I'm a bookworm of the highest caliber! If you see me, I'll probably be reading. There's nothing I love more than finding a good book, and then sharing it with the world!
Fans of both Steampunk novels, and Mary Shelley's Frankenstein, are going to adore this book. I can tell you that right now. I would know, seeing as how I fit right into that category as well. While I knew this was a retelling, going in, I had no idea that there was also a Steampunk aspect attached to it. Needless to say, it was a rather pleasant surprise! That ended up being one of the many things I really enjoyed about this book.
This Monstrous Thing sets us in the middle 1818 Geneva. Alasdair, our protagonist, has grown up as a "Shadow Boy", or part of the group who help "repair" injured people through the use of clockwork. Which, as you might imagine, is rather frowned upon by the general public. Their work is seen as against God, and is therefore illegal. So, our young protagonist has to no choice but to operate in the shadows. Let me tell you, I fell in love with young Alasdair from page one. He's so smart, so inherently kind, and yet has the analytical mind of a scientist. I loved that he, buried in a sea of sheep, was the one who thought for himself.

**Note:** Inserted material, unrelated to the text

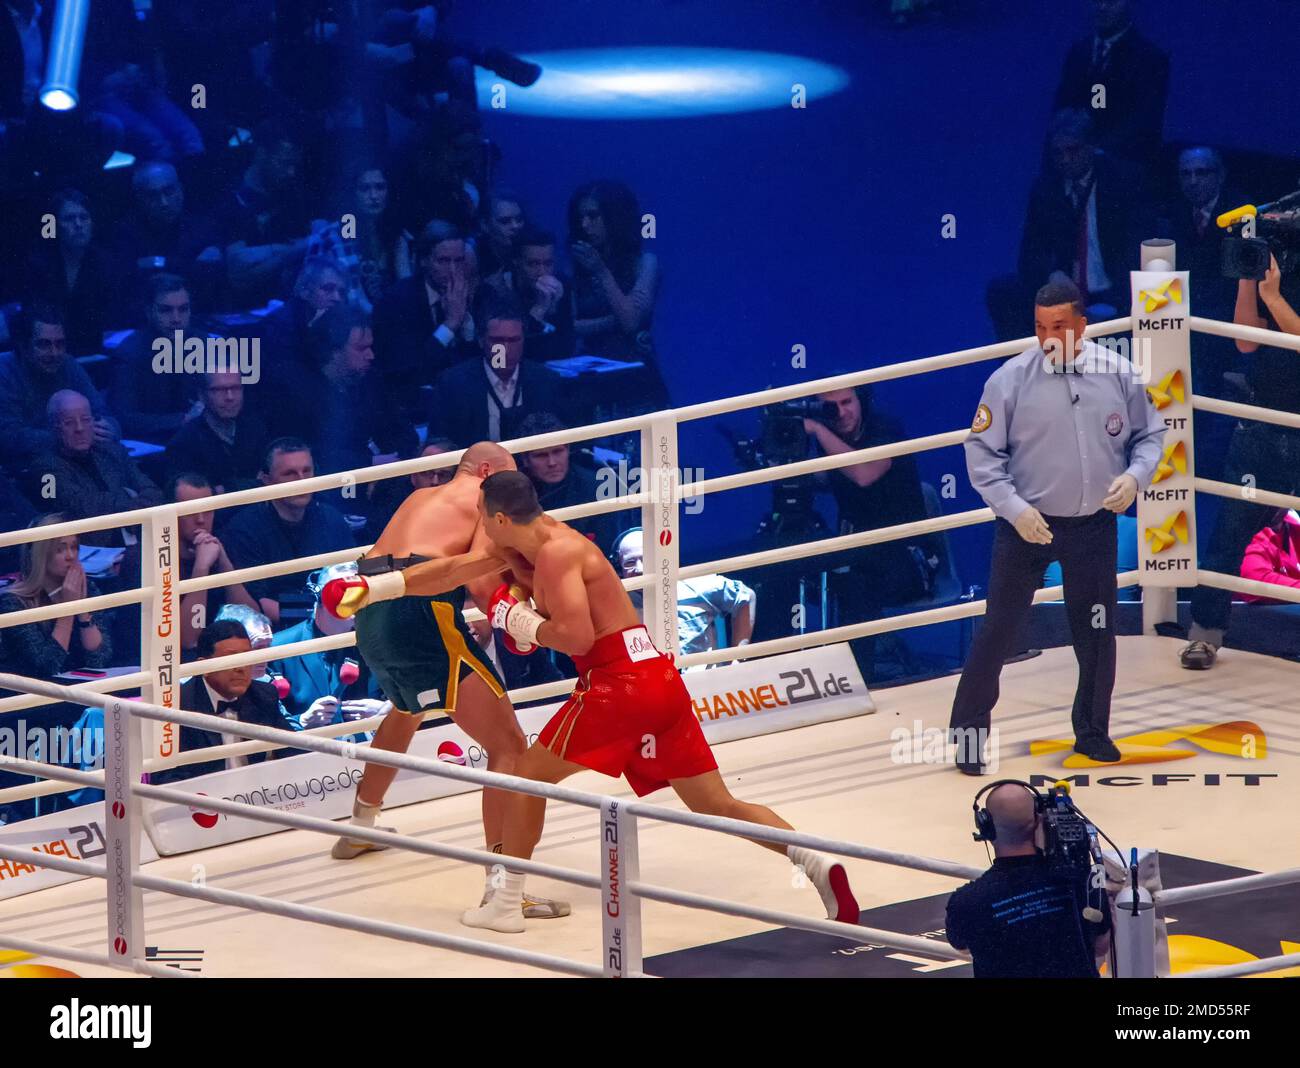 28-11-2015 Dusseldorf Germany.  Wladimir Klitschko throws a powerful straight right hand but Tyson but Tyson Fury manages to get away and slip Stock Photo

What progresses from here is a story that skims along the edge of its source material. While This Monstrous Thing is a reimagining of Frankenstein, it happily takes off on its own course. There are some brilliant discussions of morality, of death, and even of the bonds between family members. Mary Shelley herself makes her debut, and the relationship between her and Alasdair was just perfection to me. In fact, I adored the fact that there was no romance front and center, to steal the stage. Having a protagonist who can meet a female character, and have a platonic relationship with her, is generally rather rare. I'm glad there wasn't any of that to muck up Alasdair's destiny.
This book is quick paced. It's vividly written, and easily the type of story that you won't want to set aside until it's over. The historical part of all of this meshes perfectly with the fictional side, creating a book that it just a treat to read! I'm impressed, and I'm genuinely hoping that there's more out there somewhere.